Supplied information
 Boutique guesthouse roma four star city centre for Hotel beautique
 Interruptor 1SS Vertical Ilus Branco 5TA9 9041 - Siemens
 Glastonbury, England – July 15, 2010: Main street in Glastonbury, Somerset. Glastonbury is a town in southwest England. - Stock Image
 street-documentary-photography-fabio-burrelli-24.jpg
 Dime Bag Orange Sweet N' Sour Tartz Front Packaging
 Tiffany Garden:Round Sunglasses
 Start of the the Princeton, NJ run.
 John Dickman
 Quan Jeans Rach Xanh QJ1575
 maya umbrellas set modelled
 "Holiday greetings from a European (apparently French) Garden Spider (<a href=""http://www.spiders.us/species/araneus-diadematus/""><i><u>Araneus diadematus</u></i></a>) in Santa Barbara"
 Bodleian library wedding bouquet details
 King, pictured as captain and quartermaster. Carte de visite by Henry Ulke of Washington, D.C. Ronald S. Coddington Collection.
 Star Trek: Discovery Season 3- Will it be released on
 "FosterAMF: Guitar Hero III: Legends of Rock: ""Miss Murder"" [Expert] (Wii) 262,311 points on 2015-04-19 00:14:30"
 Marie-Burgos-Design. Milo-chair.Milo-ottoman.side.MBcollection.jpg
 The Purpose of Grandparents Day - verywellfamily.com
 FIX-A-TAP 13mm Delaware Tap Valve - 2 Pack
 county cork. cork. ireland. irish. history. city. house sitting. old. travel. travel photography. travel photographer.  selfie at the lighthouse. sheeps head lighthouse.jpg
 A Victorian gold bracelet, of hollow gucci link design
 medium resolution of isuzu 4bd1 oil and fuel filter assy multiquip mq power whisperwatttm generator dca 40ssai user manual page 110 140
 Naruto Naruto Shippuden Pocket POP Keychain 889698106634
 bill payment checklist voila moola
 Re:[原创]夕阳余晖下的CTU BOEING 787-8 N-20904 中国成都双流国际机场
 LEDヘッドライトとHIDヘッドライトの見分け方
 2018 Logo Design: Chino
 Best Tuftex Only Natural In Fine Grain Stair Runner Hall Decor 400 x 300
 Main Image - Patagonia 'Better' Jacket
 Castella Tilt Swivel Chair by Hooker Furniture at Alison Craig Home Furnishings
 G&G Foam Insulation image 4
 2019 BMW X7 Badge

Goal of the exercise
Examine the records above and give the number of lines in which the string "Main" appears, with no other words.

Written response
2